Name: Anonymous 2007-03-01 4:30 ID:WOeEZFMF

Tell me about it.

Name: Anonymous 2007-03-01 5:12 ID:eX1bJxuV

For most people and languages, the difference is lol(x, y) vs. x.lol(y), which makes OO absurd (and operations tend to suck more on x.lol(y) notation, like string1.equals(string2), ugh). Then you have inheritance, which means you get a free dish of spaghetti code. It's just dynamically updated copypasta, and come to think of it, spaghetti is pasta.

That's ALL there's to OO; note that garbage collection, exceptions (= goto 2.0), function and operator overloading, etc. are not OO features, and many languages offer them procedurally.

If you are serious about OO, then OO is about functional units responsible for keeping their own state, and can provide a good abstraction.
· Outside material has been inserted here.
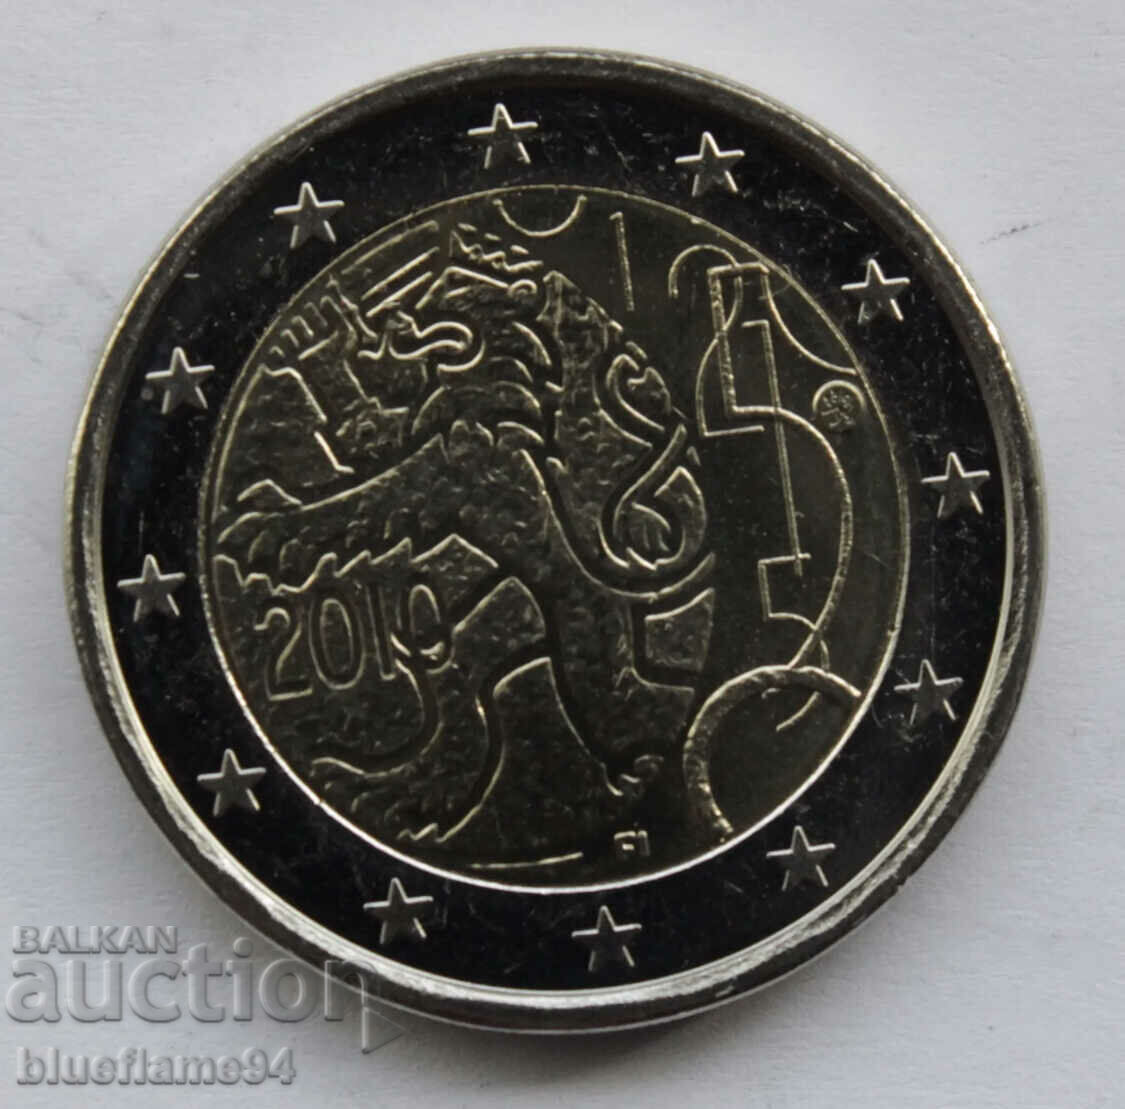 Finlanda 2 euro 2010
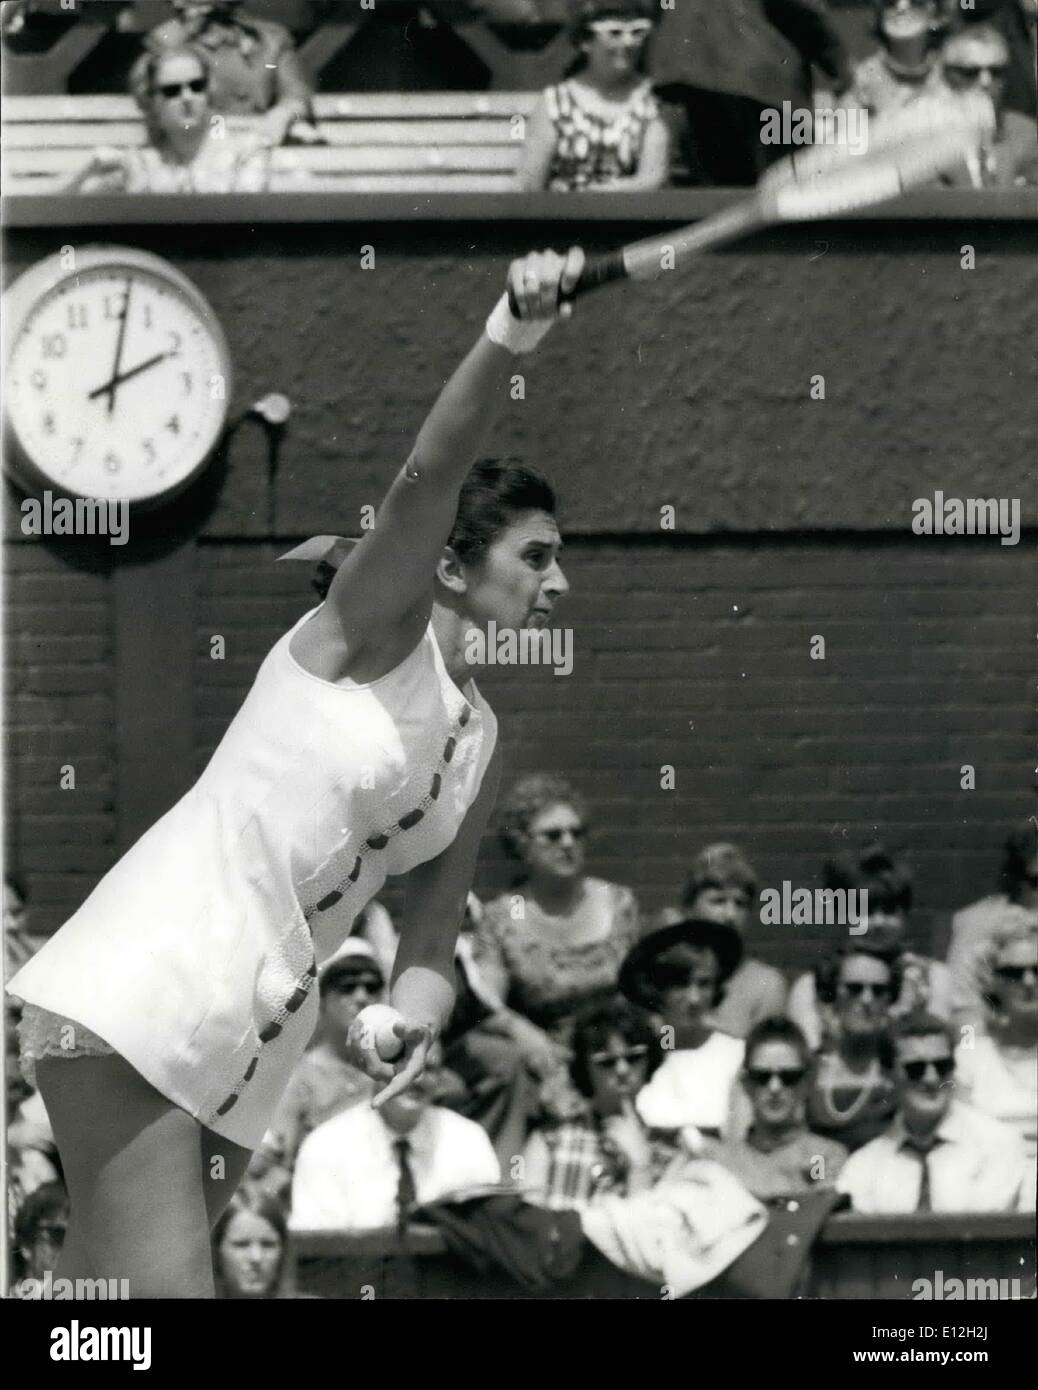 3. Januar 2012 - Wimbledon Open Tennis Championships. Frauen Halbfinale. Miss J. Tegart V Miss N. Richey. Foto zeigt Miss Judy Tegart (Australien), im Spiel gegen Miss N.Richey (USA), während heute ihr Match in Wimbledon. Judy Tegart gewann das Finale zu erreichen Stockfoto

Inheritance and mixins can have their uses as well, but for this to be comfortable, you have to work with a  dynamic language such as... I'm not going to give examples because I'll be called fanboy.

Of course, and like with pure anything, pure OO sucks. Not all structures, models and algorithms adjust to OO well. Pure OO languages which shove OO up your ass all the time, like Java, are bound to suck. (Java is bound to suck for many other reasons as well.) So you use OO when it fits, procedural programming when it fits, and functional programming when it fits, and finish early.